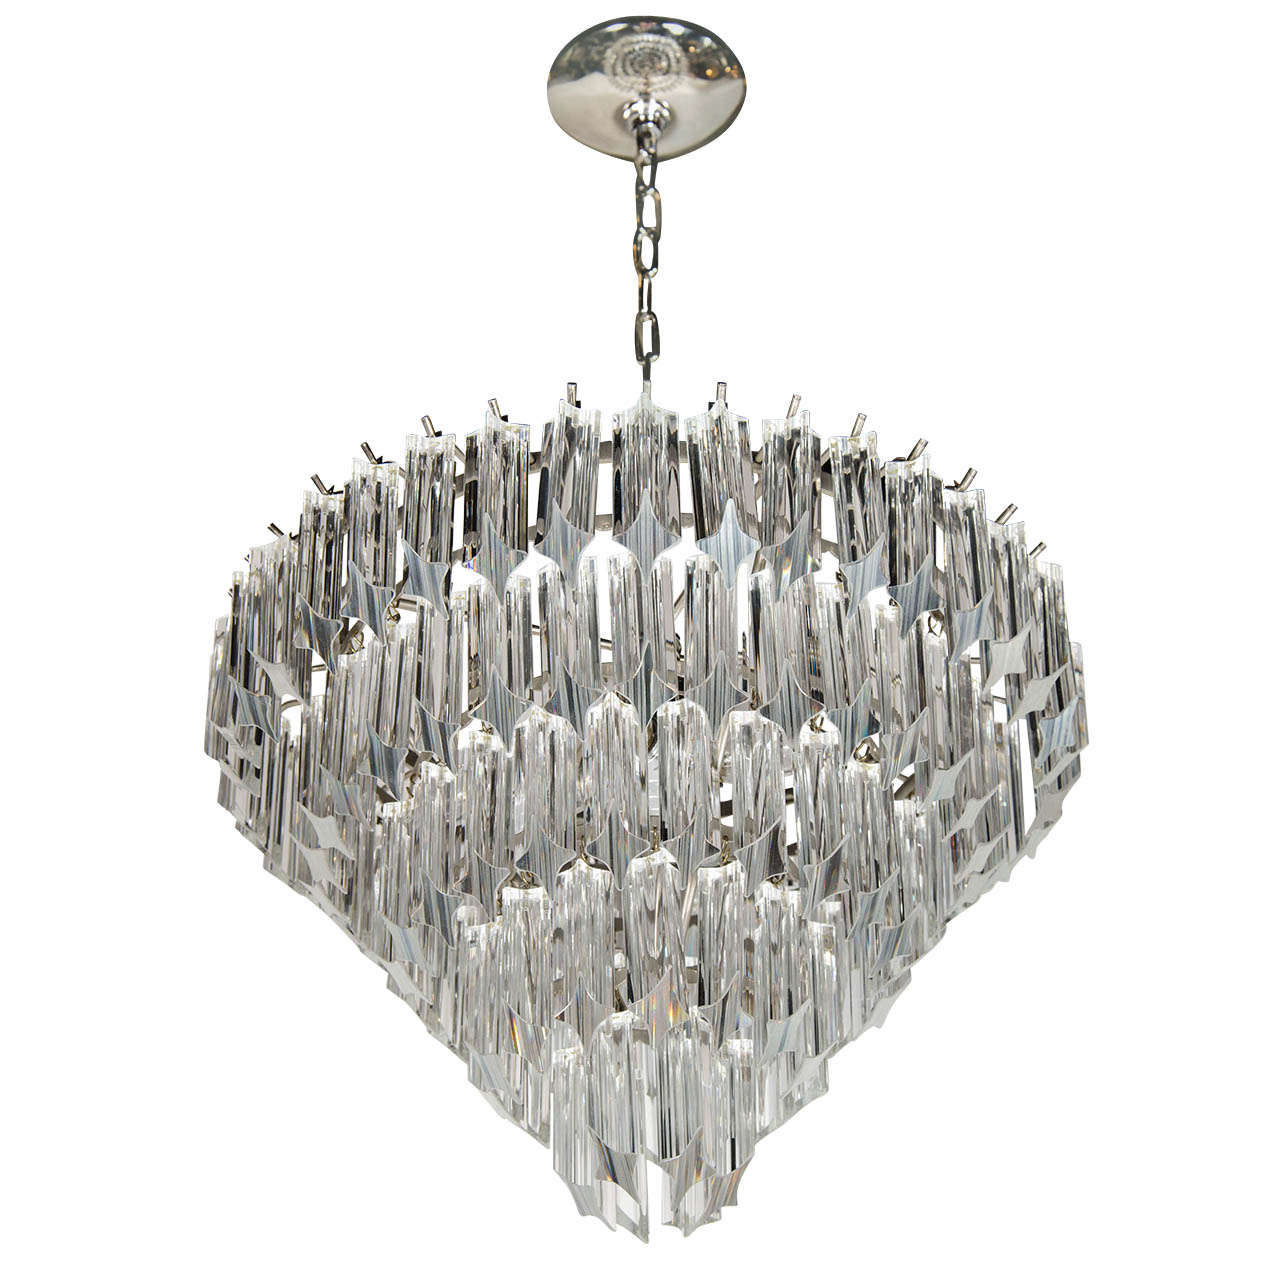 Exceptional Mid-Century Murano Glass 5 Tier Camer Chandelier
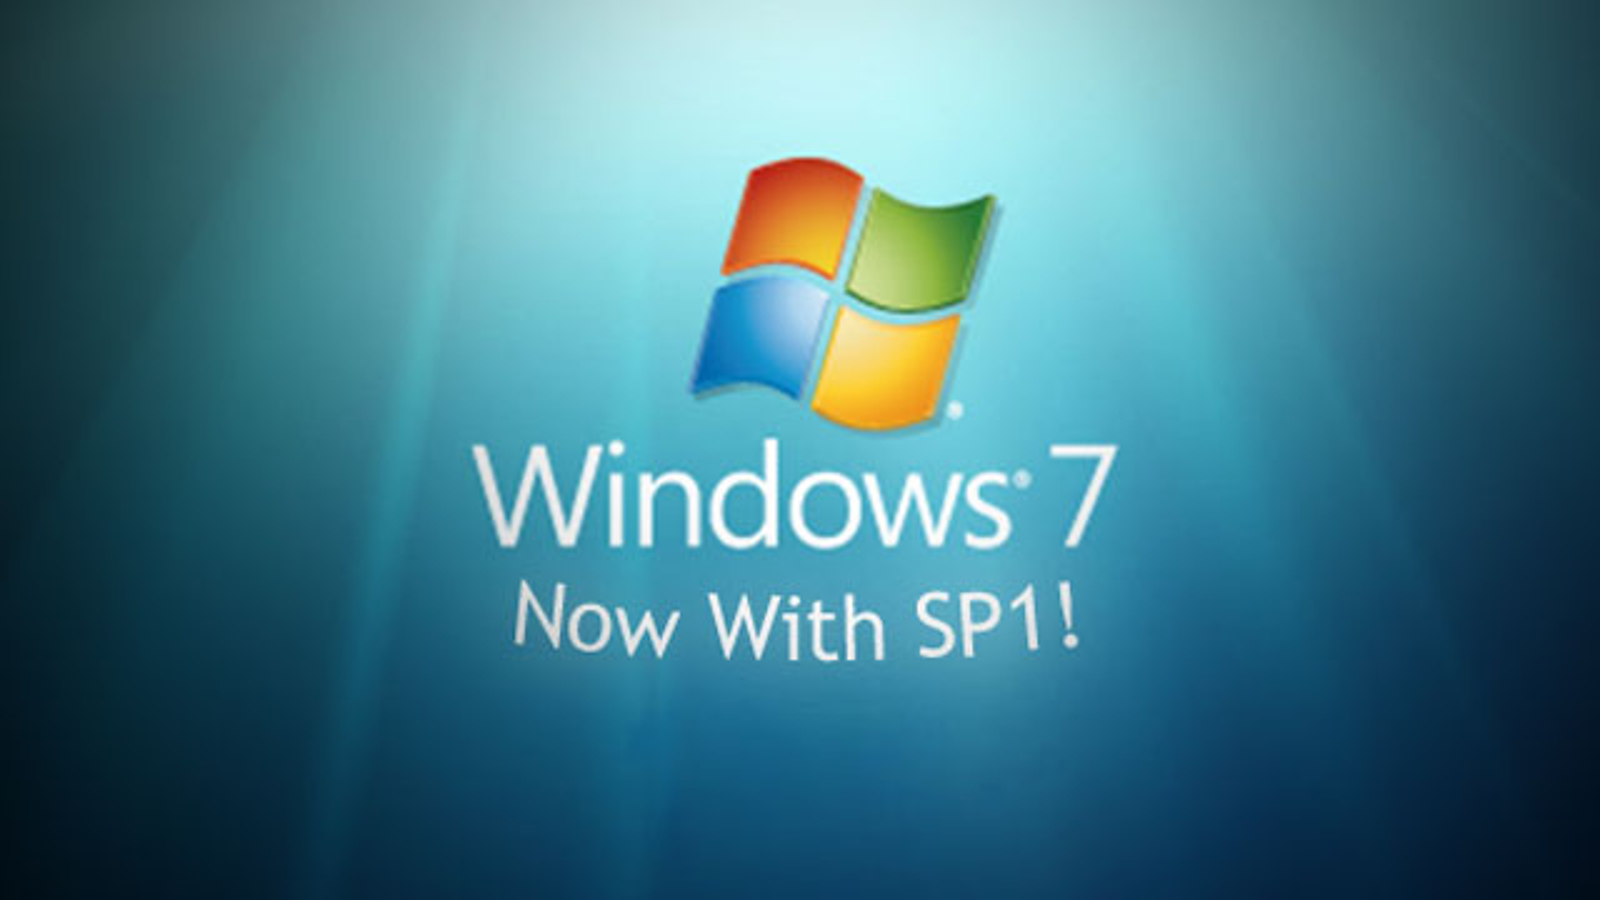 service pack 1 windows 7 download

##############################

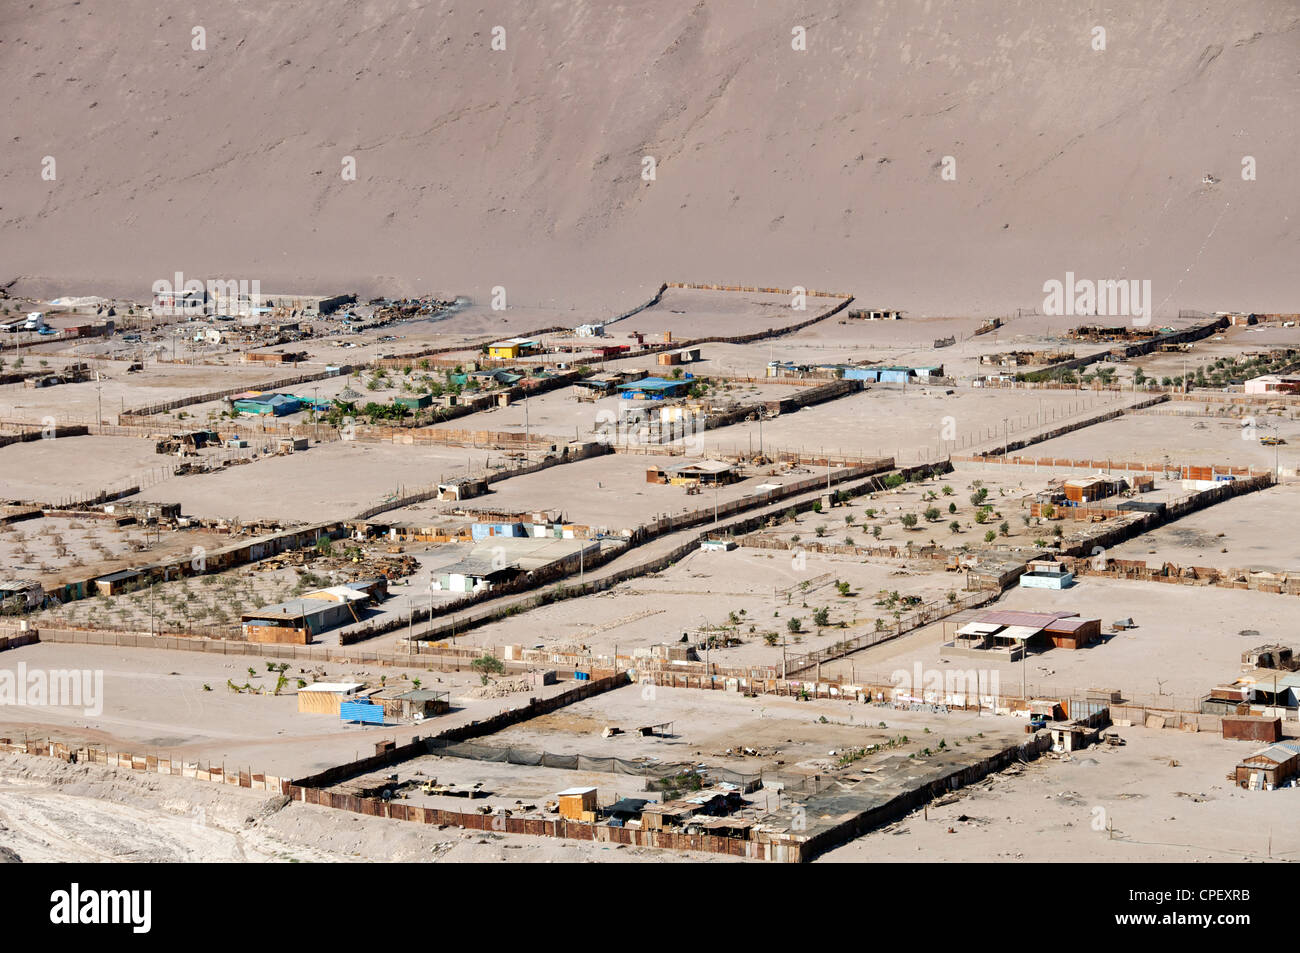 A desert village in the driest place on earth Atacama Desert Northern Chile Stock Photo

##############################

What you should do: With the pictures omitted, copy the entries above exactly from the line containing "Exceptional Mid-Century Murano" through the line containing "service pack 1 windows 7 download", both lines included.

Reply to the exercise:
 Exceptional Mid-Century Murano Glass 5 Tier Camer Chandelier
 service pack 1 windows 7 download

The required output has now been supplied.